Al-Alash indicated that similar cases filed against Eissa before – on behalf of political parties – were dismissed by the respective courts.
“In principle, we [journalists and the Journalists’ Syndicate] reject the idea of journalists being subject to jail sentences, he added.
The Agouza Court s verdict that was issued in September 2007 caused an outcry by human rights organizations.
Hossam Bahgat, chairman of the Egyptian Initiative for Personal Rights described the ruling as outrageous, pointing his finger at the regime as well as the government newspapers for suppressing the role of independent newspapers.
Gamal Eid, director of the Arabic Network for Human Rights Information, linked the verdict with the government s impatience with the independent press and its lack of tolerance for criticism.

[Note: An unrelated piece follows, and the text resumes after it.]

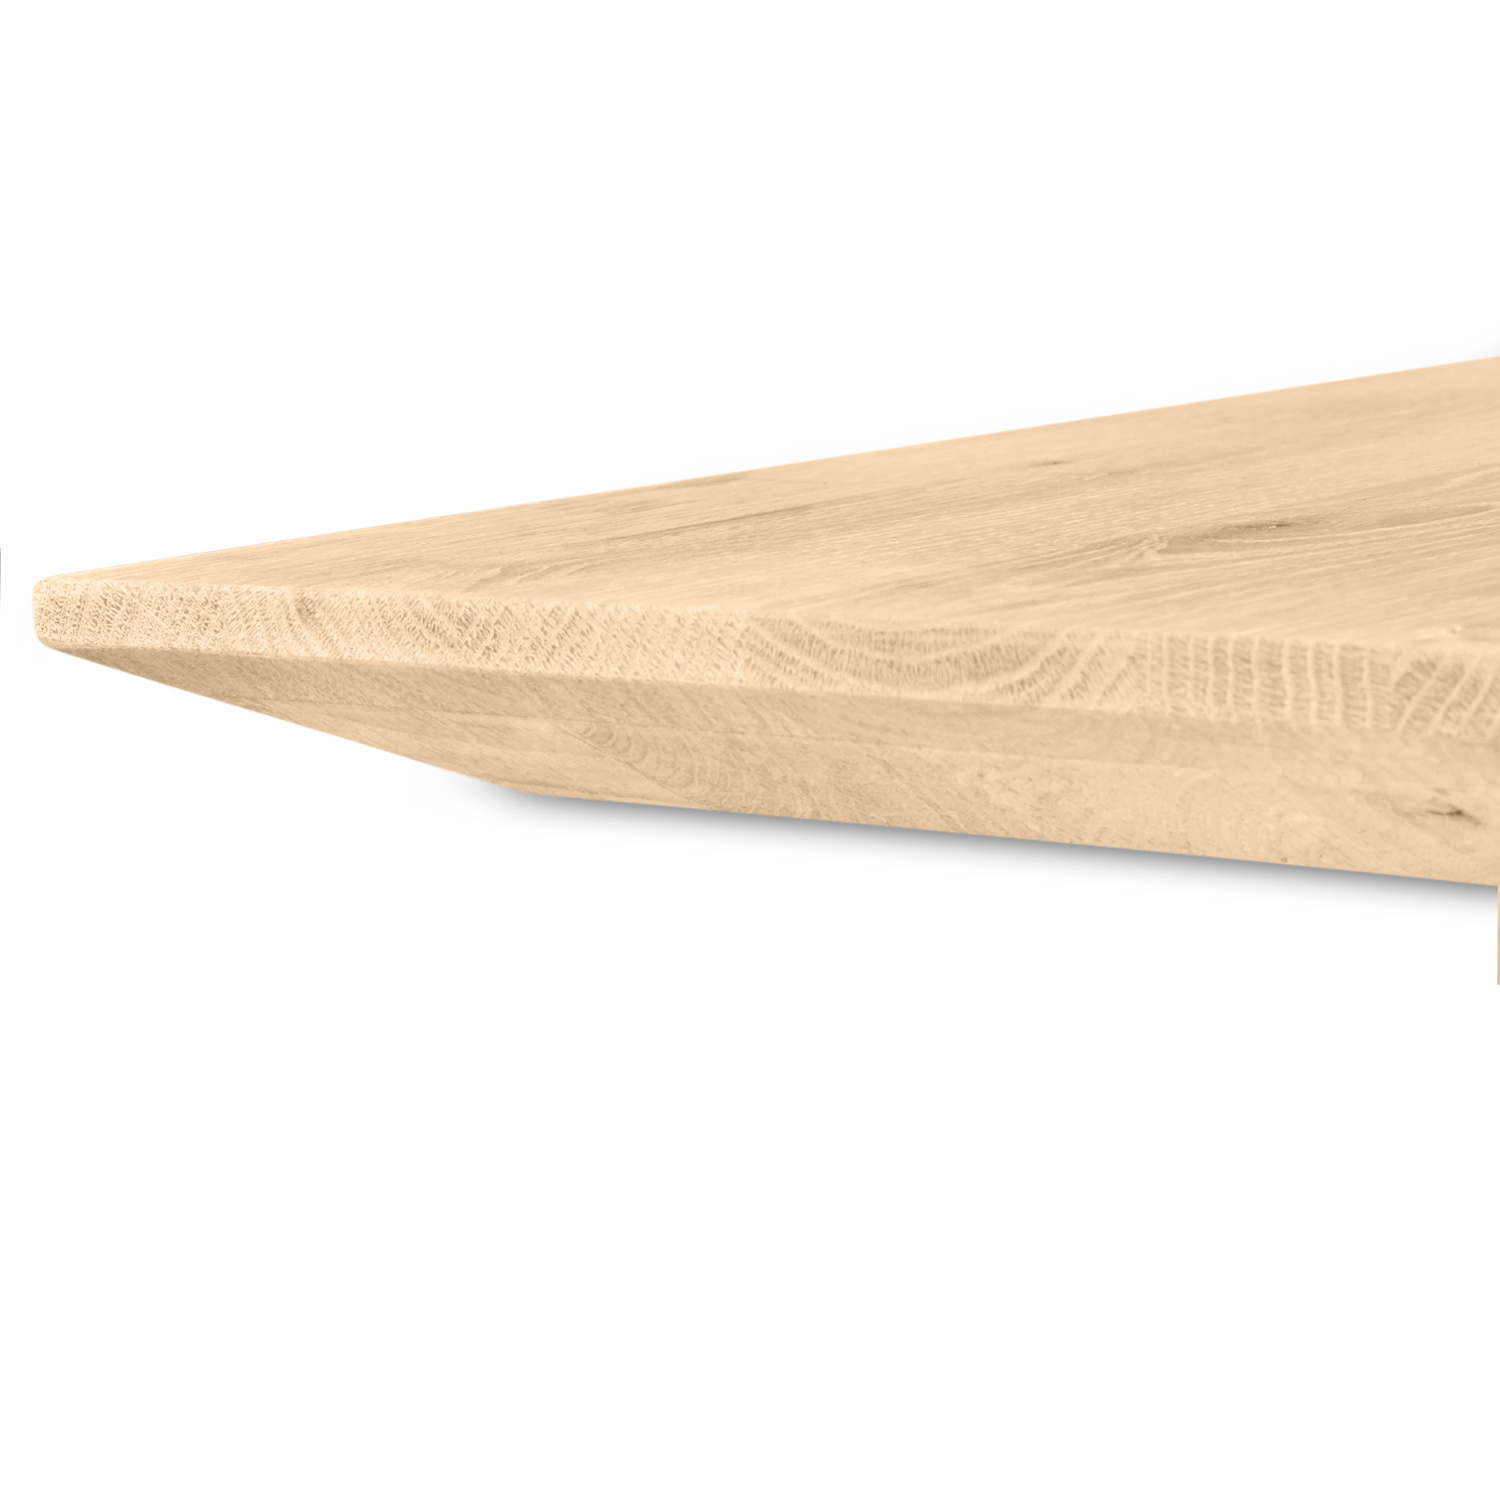  Tischplatte Eiche - Schweizer Kante - nach Maß - 4 cm dick (2-lagig) - Eichenholz rustikal - Eiche Tischplatte massiv - verleimt & künstlich getrocknet (HF 8-12%) - 50-120x50-350 cm

He dubbed the verdict “the worst of its kind in the era of Hosni Mubarak. Last October, Eissa was handed down a two-month jail sentence for publishing rumors about President Hosni Mubarak s health but received a presidential pardon a few days after the verdict.
The People s Assembly had debated scrapping jail sentences for journalists from the publishing offenses law, but NDP members voted against it despite fervent objections of opposition forces in the assembly, MP Farid Ismail previously told Daily News Egypt.